Re: [PATCH] xfs: Remove i_rwsem lock in buffered read

Amir Goldstein <amir73il@xxxxxxxxx> · Thu, 9 Jan 2025 11:25:55 +0100

> > One more thing I should mention.
> > You do not need to wait for atomic large writes patches to land.
> > There is nothing stopping you from implementing the suggested
> > solution based on the xfs code already in master (v6.13-rc1),
> > which has support for the RWF_ATOMIC flag for writes.

Only I missed the fact that there is not yet a plan to support
atomic buffered writes :-/

> >
> > It just means that the API will not be usable for applications that
> > want to do IO larger than block size, but concurrent read/write
>                                ^
> To be precise, this is the page size, not the block size, right?
>

fs block size:

        if (iocb->ki_flags & IOCB_ATOMIC) {
                /*
                 * Currently only atomic writing of a single FS block is
                 * supported.
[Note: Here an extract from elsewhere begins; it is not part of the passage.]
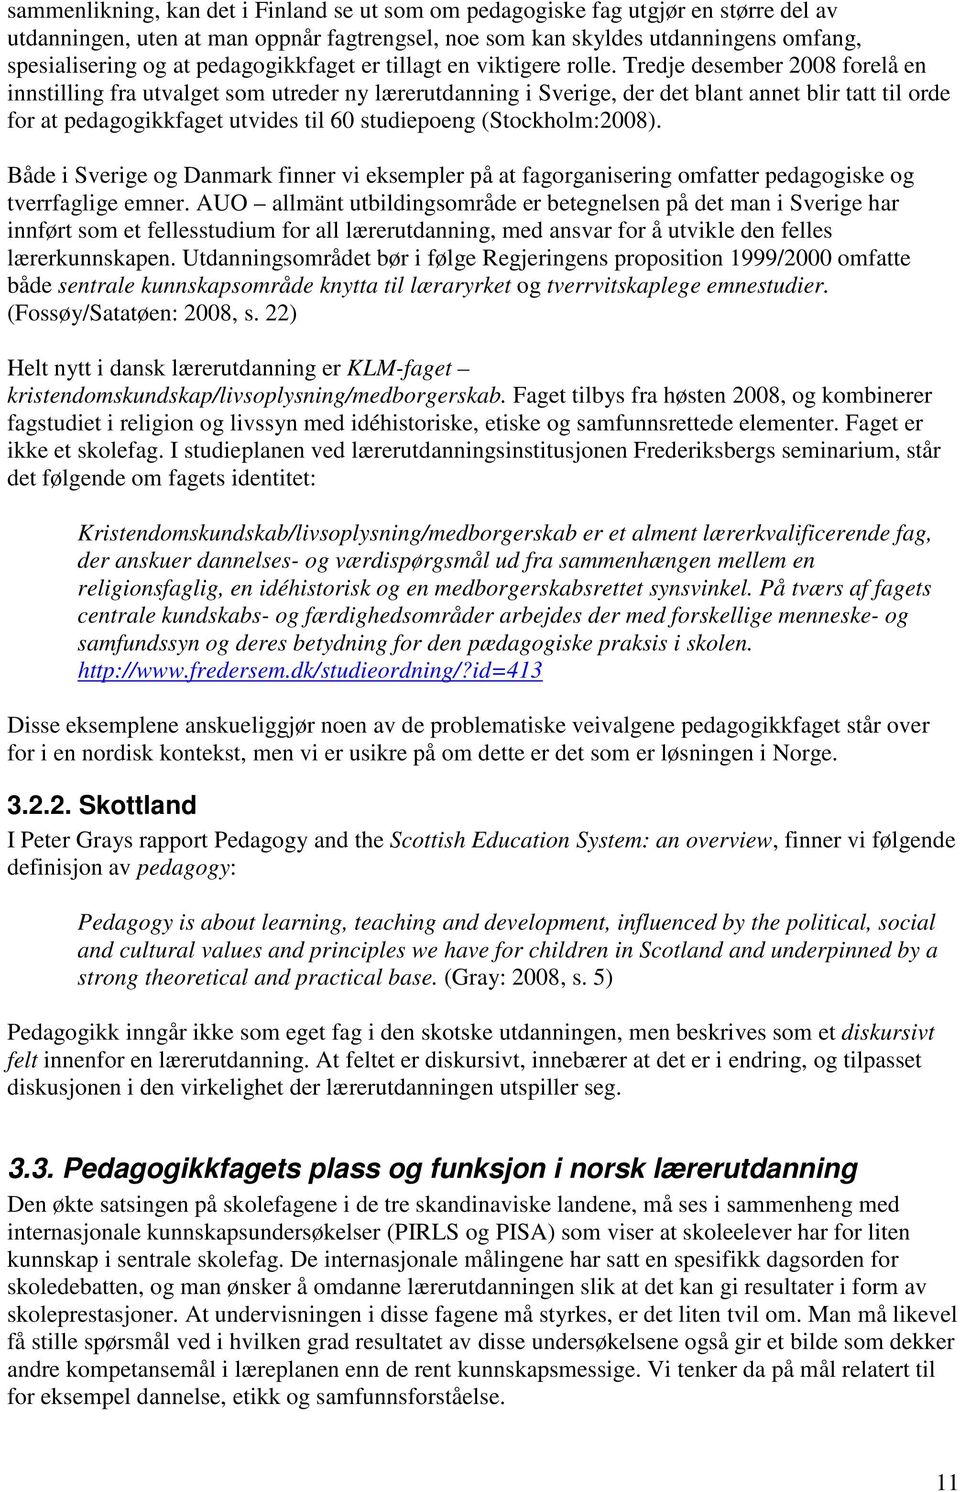 Tredje desember 2008 forelå en innstilling fra utvalget som utreder ny lærerutdanning i Sverige, der det blant annet blir tatt til orde for at pedagogikkfaget utvides til 60 studiepoeng
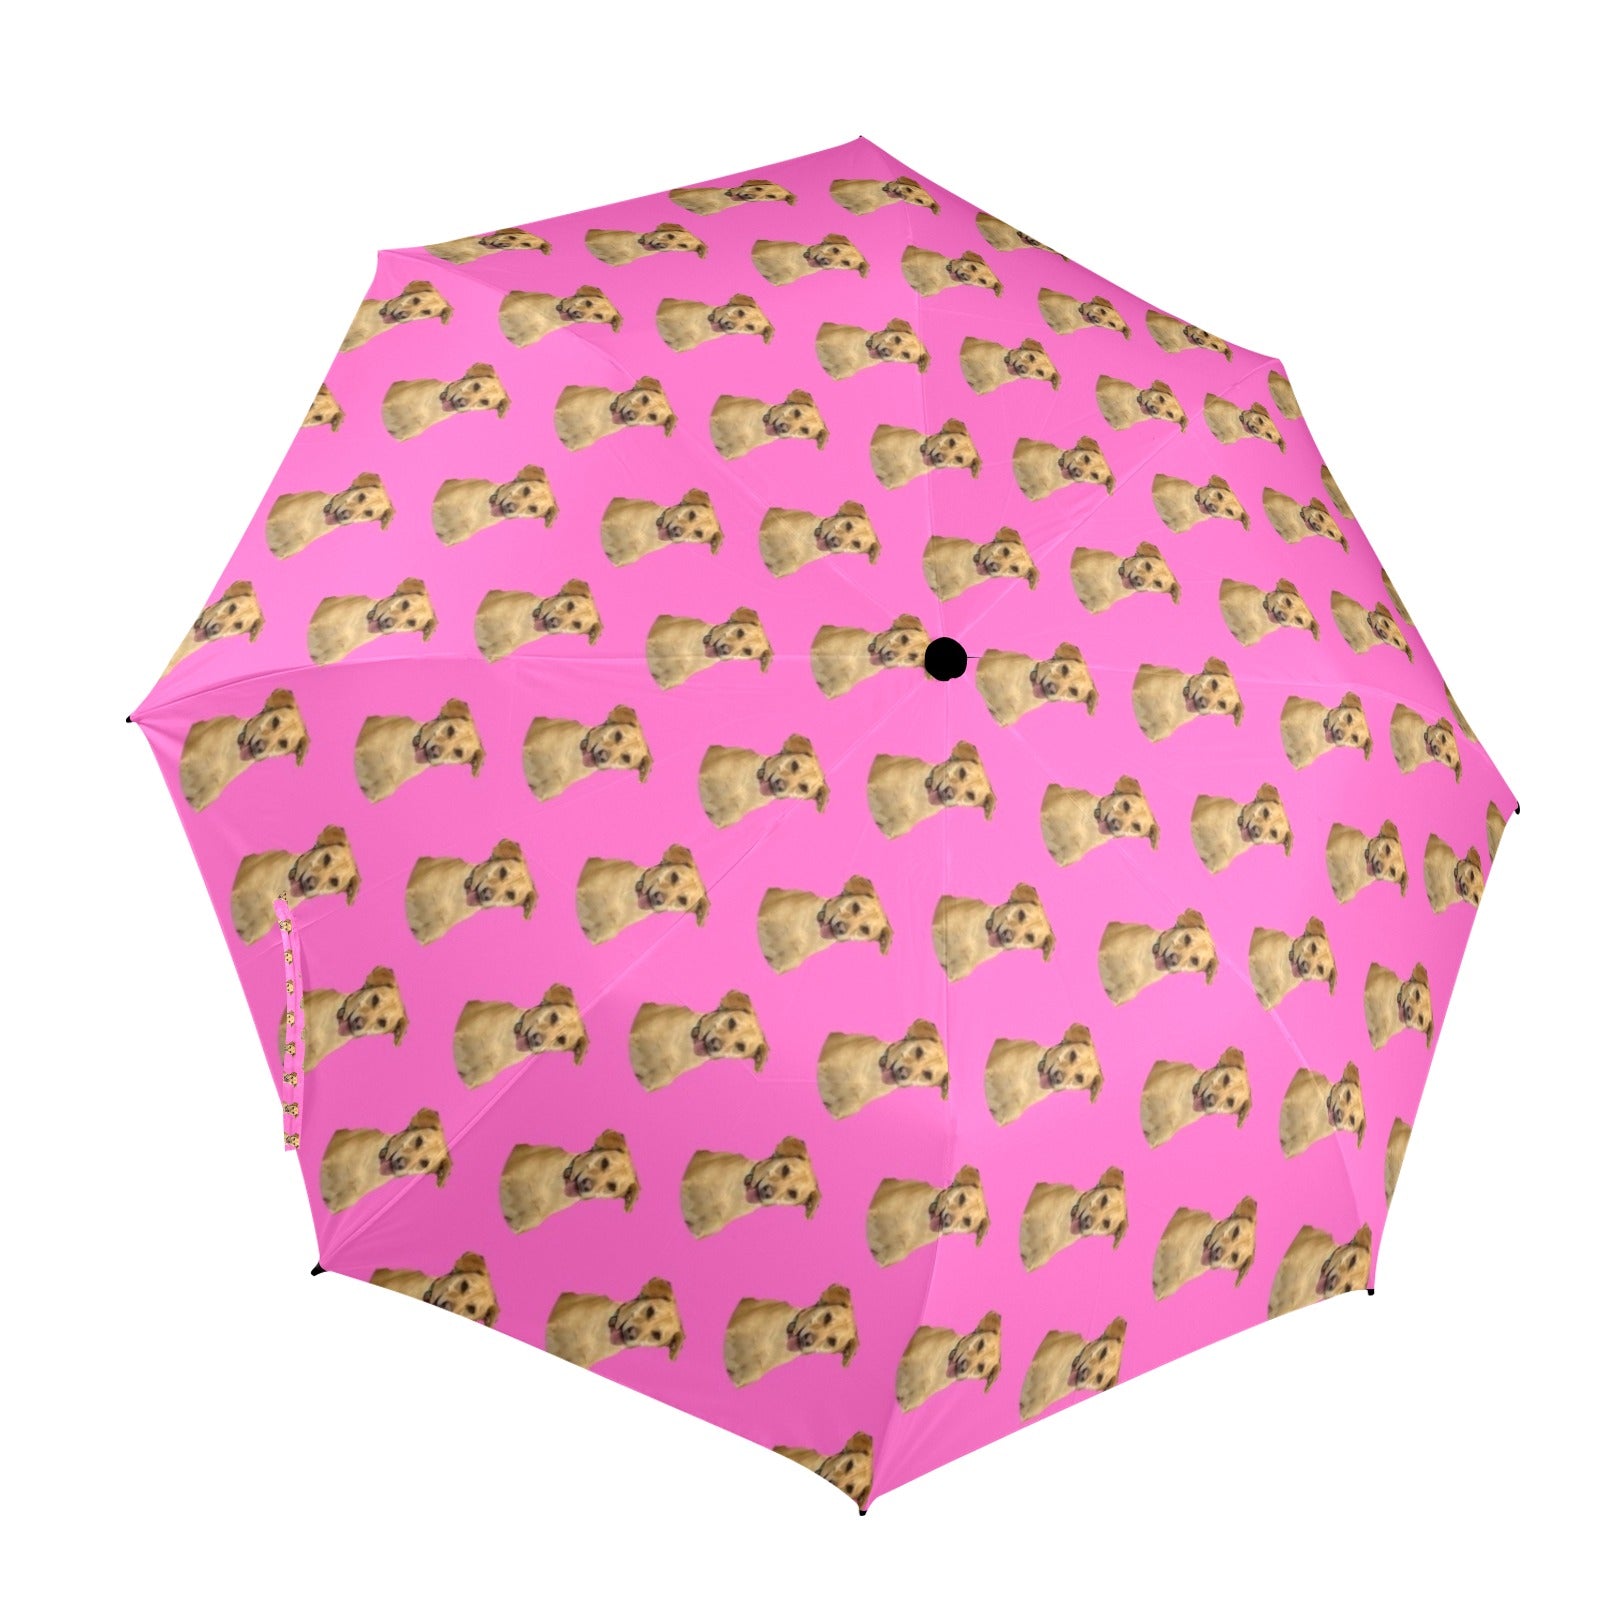 Linda's Umbrella

It would be possible to atomic write smaller than
                 * a FS block, but there is no requirement to support this.
                 * Note that iomap also does not support this yet.
                 */
                if (ocount != ip->i_mount->m_sb.sb_blocksize)
                        return -EINVAL;
                ret = generic_atomic_write_valid(iocb, from);
                if (ret)
                        return ret;
        }

> > performance of 4K IO could be improved already.
>
> Great, which means that IO operations aligned within a single page
> can be executed concurrently, because the folio lock already
> provides atomicity guarantees.
>
> If the write does not exceed the boundary of a page, we can
> downgrade the iolock to XFS_IOLOCK_SHARED. It seems to be safe
> and will not change the current behavior.
>
> --- a/fs/xfs/xfs_file.c
> +++ b/fs/xfs/xfs_file.c
> @@ -454,6 +454,11 @@ xfs_file_write_checks(
>          if (error)
>                  return error;
>
> +       if ( iocb->ki_pos >> PAGE_SHIFT == (iocb->ki_pos + count) >>
> PAGE_SHIFT) {
> +               *iolock = XFS_IOLOCK_SHARED;
> +       }
> +
>          /*
>           * For changing security info in file_remove_privs() we need
> i_rwsem
>           * exclusively.
>

I think that may be possible, but you should do it in the buffered write
code as the patch below.
xfs_file_write_checks() is called from code paths like
xfs_file_dio_write_unaligned() where you should not demote to shared lock.

> >
> > It's possible that all you need to do is:
> >
> > diff --git a/fs/xfs/xfs_file.c b/fs/xfs/xfs_file.c
> > index c488ae26b23d0..2542f15496488 100644
> > --- a/fs/xfs/xfs_file.c
> > +++ b/fs/xfs/xfs_file.c
> > @@ -777,9 +777,10 @@ xfs_file_buffered_write(
> >          ssize_t                 ret;
> >          bool                    cleared_space = false;
> >          unsigned int            iolock;
> > +       bool                    atomic_write = iocb->ki_flags & IOCB_ATOMIC;
> >
> >   write_retry:
> > -       iolock = XFS_IOLOCK_EXCL;
> > +       iolock = atomic_write ? XFS_IOLOCK_SHARED : XFS_IOLOCK_EXCL;
> >          ret = xfs_ilock_iocb(iocb, iolock);
> > --
> >
> > xfs_file_write_checks() afterwards already takes care of promoting
> > XFS_IOLOCK_SHARED to XFS_IOLOCK_EXCL for extending writes.
>
> Yeah, for writes that exceed the PAGE boundary, we can also promote
> the lock to XFS_IOLOCK_EXCL. Otherwise, I am concerned that it may
> lead to old data being retained in the file.
>
> For example, two processes writing four pages of data to the same area.
>
> process A           process B
> --------------------------------
> write AA--
> <sleep>
>                      new write BBBB
> write --AA
>
> The final data is BBAA.
>

What is the use case for which you are trying to fix performance?
Is it a use case with single block IO? if not then it does not help to implement
a partial solution for single block size IO.

Thanks,
Amir.